So how could this be accomplished?

A Nix-OS style approach coupled with an immutable OS core?

It is much harder to offer stability guarantees than to just publish updates in a rolling release fashion. And yet big organizations pay big money for that stability or the support to poke an enterprise software provider to get stuff working for their needs.

It won't be. Not until comprehensive integration testing comes as standard.

If you dont have comprehensive integration tests it's less risky just to not upgrade unless you really need to.

>> If you don't have comprehensive integration tests it's less risky just to not upgrade unless you really need to.

Exactly. Most of us do not have sqlite-level (https://www.sqlite.org/testing.html) testing so we just do the best we can with the resources we have.

This tends to make most "enterprise" shops risk-averse and the motto becomes "if it's not broke, don't fix it".

ArchLinux-style rather thsn NixOS style. Just roll the updates when they are ready into your very own test, int, acc, and finally prod.
>> ArchLinux-style rather thsn NixOS style. Just roll the updates when they are ready into your very own test, int, acc, and finally prod.

The issue is that a rolling-release approach does not have stability guarantees and forces everything to be upgrading all the time.

This does not work very well if you have specialized hardware or scientific equipment. If the drivers for your lab equipment work with a given release of an enterprise linux, you can't just jump on the next release until you have working drivers ready.

The same is true if you are working with some enterprise software which is only certified to work with a given release of an enterprise linux.
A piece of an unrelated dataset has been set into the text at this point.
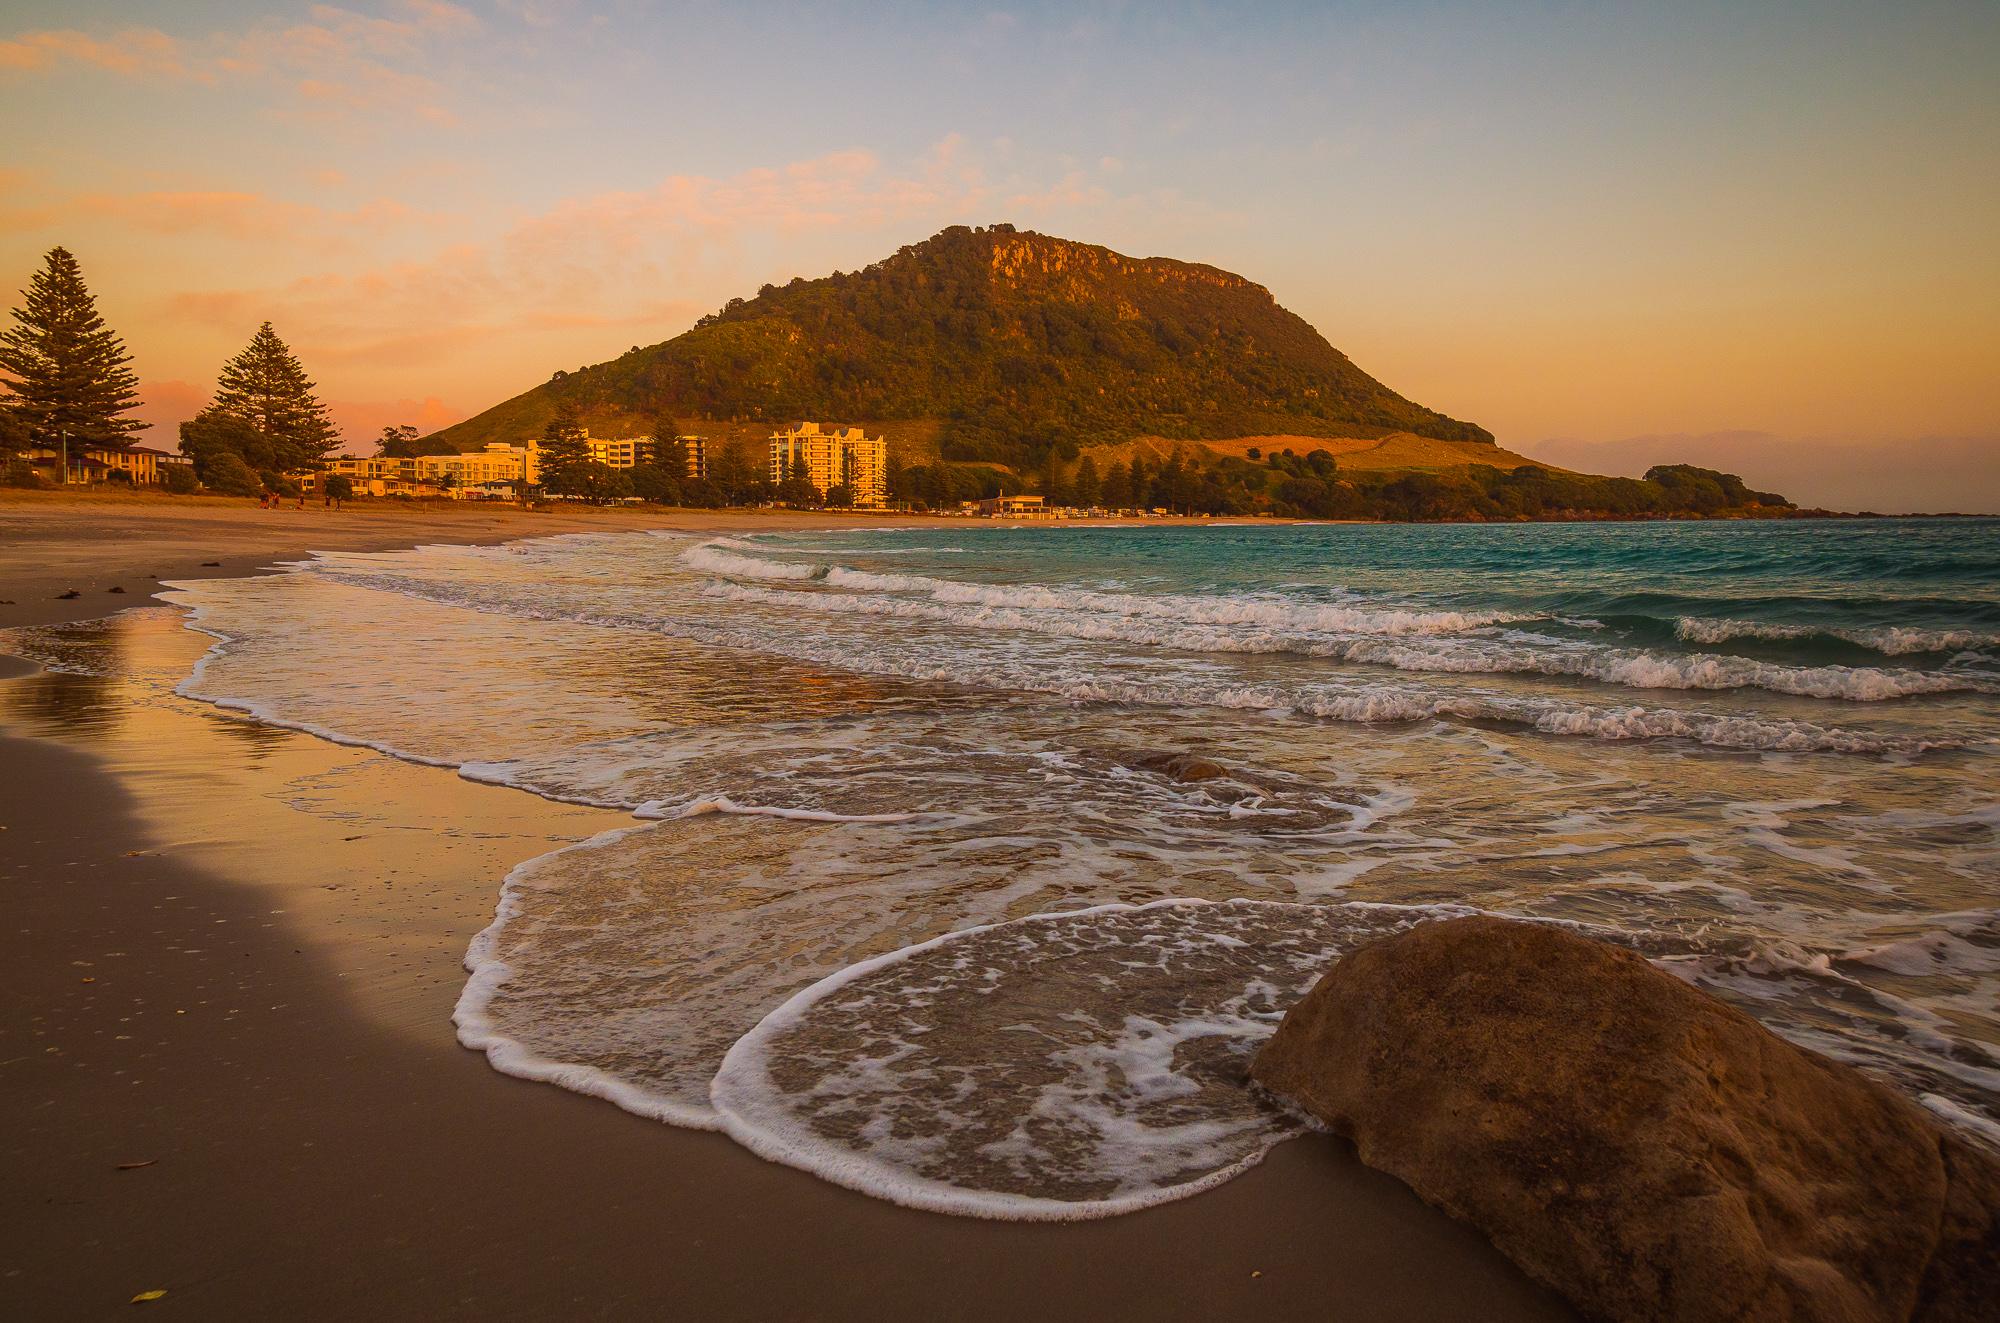 Incoming tide at dawn. P8030013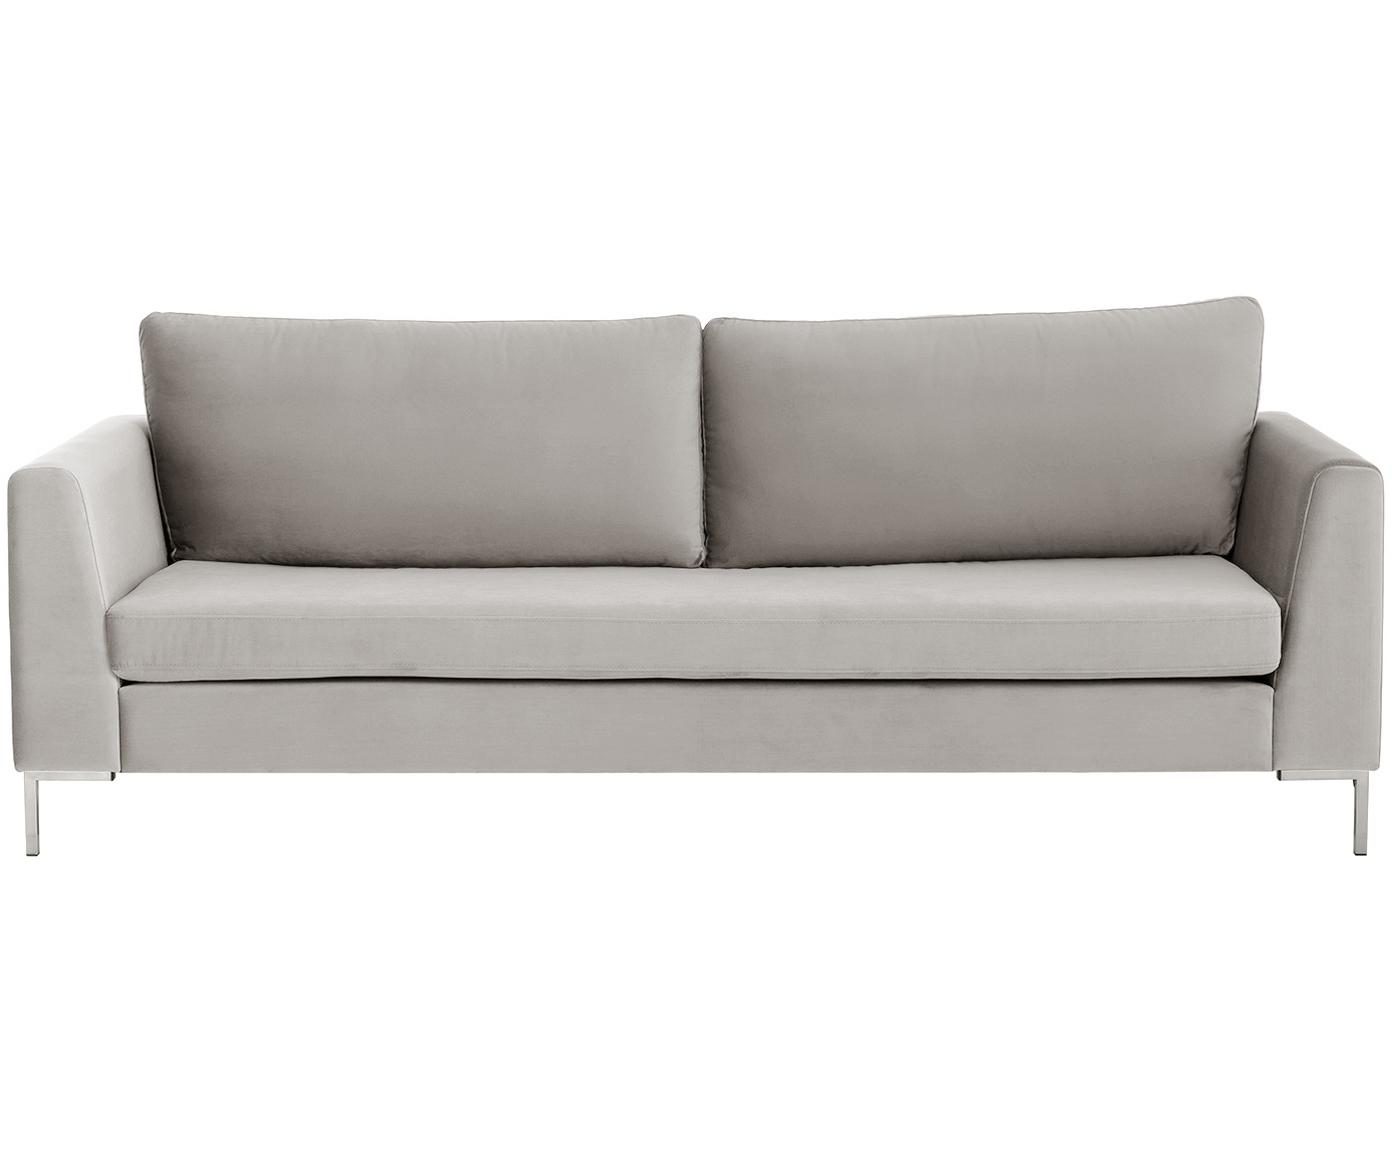 Samt-Sofa Luna (3-Sitzer), Bezug: Samt (Polyester) 80.000 S, Gestell: Massives Buchenholz, Füße: Metall, galvanisiert, Samt Beige, Silber, B 230 x T 95 cm

Would you really want to run business critical software on a version of the operating system which is not (yet) supported by the vendor?

All those hours hunting for the reasons why something suddenly stopped working every two or three weeks need to be paid. So maintenance cost for Linux servers would either skyrocket or no updates would ever be done for years. There are very good reasons why rolling releases in infrastructure are basically a no-go.
Didn't Google just switch to rolling releases?

Also shout-out to Arch ... I've been using it since ... forever and never really had an issue in update.

Same here, I ran Arch on Hetzner Cloud and find it superior in many subtle ways.

Rolling updates mean that I have to carefully choose what to install in order to keep the maintenance costs down. This has the side effect of reducing the attack surface.

I also manually review updates, which means that I keep up with the news in OS land.

I have to reboot once in a while because of updates, which means that I test resilience of my infrastructure.

By comparison, RedHat stack at work feels creepled and ancient.

You need a RedHat account (read: subscription) for pretty much everything, even the most basic documentation or downloads and yet my bugs in their bugzilla linger for months with none even trying to reproduce, let alone fix.

Every single time I tried using arch, I had nothing but problems with updates. I wasted a lot of time hunting down documentation to things that broke, like mailing, logging, the DE, bluetooth, you name it. Changes that get taken care of by default in other distros. I had some very nasty surprises while using arch. My stable Ubuntu or Debian installs didn't even have a single glitch in the exact same timeframe.
How about Qubes OS style, where everything runs in a VM?
>> How about Qubes OS style, where everything runs in a VM?

How does Qubes OS work with drivers for specialized hardware such as scientific lab equipment?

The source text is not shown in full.